Anyone interested in explaining the math behind this?

I have a decent understanding of math and it is really starting to grind my gears that I cant come to the same percentages that are listed online. How would you calculate the percentage of pairing up either card by the river?

Using AK as the hole cards, my take is 6/50 + 6/49 + 6/48 + 6/47 + 6/46. This however would give me roughly 65% chance. I know that can't be right. I have seen other people explain it by taking the chances of each card NOT pairing and multiplying those odds but how come the calculation cannot be done this way? Can someone explain why my method is wrong? Its killing me!!

You can't calculate the chance of it happening directly. For your question, the correct method of calculating the answer is to calculate the chance of it not happening then subtracting that from 1.

So, it would look like this: 1 - (44/50)*(43/49)*(42/48)*(41/47)*(40/46)= 1 - 130320960/254251200 = 1 - 0.5125 = 0.4875 = 48.75% to pair one of your hole cards by the river.

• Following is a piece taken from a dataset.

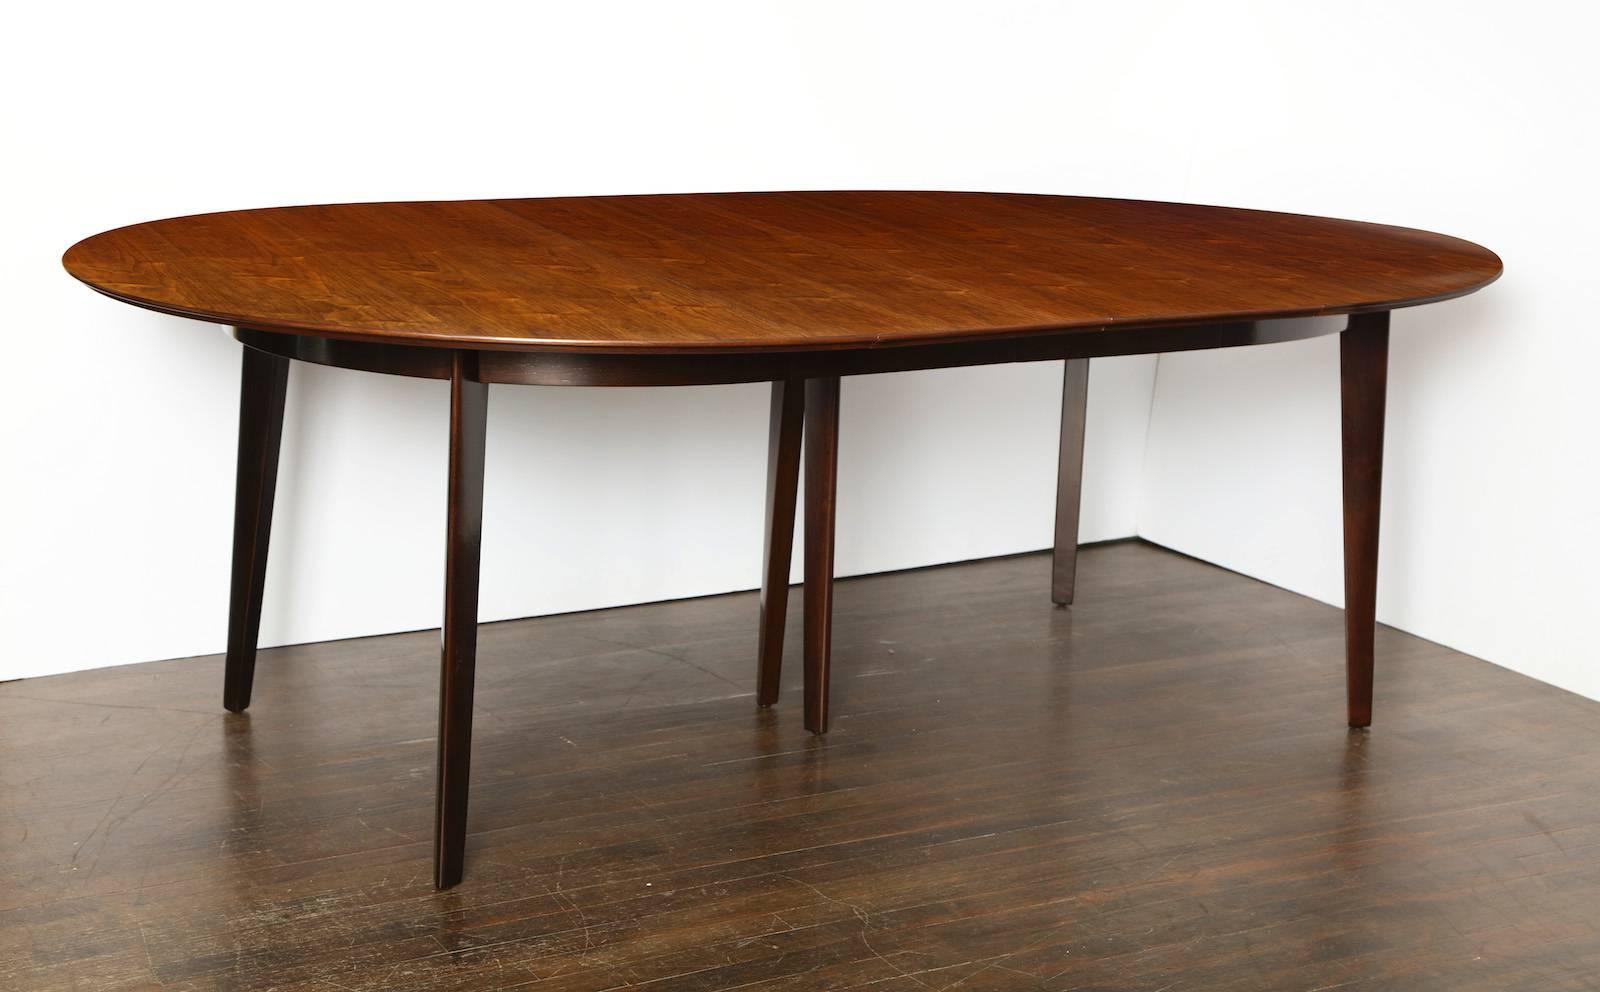 Edward Wormley Expandable Dining Table #696, for Dunbar.  Slightly oval top of figured walnut, with dark stained mahogany legs and two leaves. Retractable center leg for support when the table is extended. Recently refinished and in excellent

48.75% is an excellent number but is not the percentage for pairing one of the hole cards. That percentage is less than the 48.75%, but probably not much. I'm sure I have the exact percentage at home, or can figure it out here at work, but time doesn't allow it right now.

The difference between that percentage and 48.75% is the additional chances of extra Aces and Kings resulting in two pair, trips, full houses, or quads.

The technique that Jack Daniels used is great for calculating, or at least estimating, the answer to a lot of poker math questions.

Well the OP was about pairing one and only one of your hole cards by the river. So I'd alter my previous equation as follows which can be calculated directly:

6/50*44/49*43/48*42/47*41/46 = 19548144/254251200 = 0.0769 = 7.69%

So chance of pairing exactly one of your hole cards (no more no less and no care about straights or flushes) by the river is 7.69% unless I botched typing on the calculator.

I guess I couldn't let this go until I figured it out. It's been almost 40 years since my advanced statistics course at xPI so this probably isn't as pretty as it could be.

The odds of pairing exactly one card with the first card of the flop is (6/50) x (44/49) x (43/48) x (42/47) x (41/46) or approximately 7.69%.

The odds of pairing exactly one card with the second card of the flop is (44/50) x (6/49) x (43/48) x (42/47) x (41/46) or the same 7.69%.

Because the card can be paired in any of the five positions, the percentage is 5 x 7.69% or approximately 38.45%.

That means that the chance of two pair (AAKK), trips (AAA, KKK), full house (AAAKK, KKKAA), and quads (AAAA, KKKK) is 48.75-38.45 or 10.30%.

Looking at my Excel spreadsheet, it looks like the odds of pairing exactly one of these cards on the flop is almost 29%.

If anyone finds fault with MY math, please attribute it to getting ooooooooolderrrrrr.

I guess it's not that easy. After all, it took two of us to figure it out!

Basically they already did all the math but just wanted to comment on the logic of the OP a lot of people seem to think they can add the probabilities of 2 independent events and get the probability that one of them happens. Note that this means if there's a 70% chance of rain on Saturday and a 70% chance of rain on Sunday there must be a 140% chance of rain for the weekend. You can only add when the events are mutually exclusive, thus it cannot be both of them. To solve this you can either add them together then subtract when both are (in the rain example 140% - 70%*70% = 91%) or do like JD did which is usually easier and find the odds that they don't both not happen (1 - 30%*30% = 91%).

Joeslick much appreciated so this would be the equation of calculating it directly. And as Zachvac stated it would be easier to calculate the percentages of it not happening, I was absolutely frustrated that I could not come up with the proper formula of the "harder" way. Thank you so much guys. I can play poker in peace now.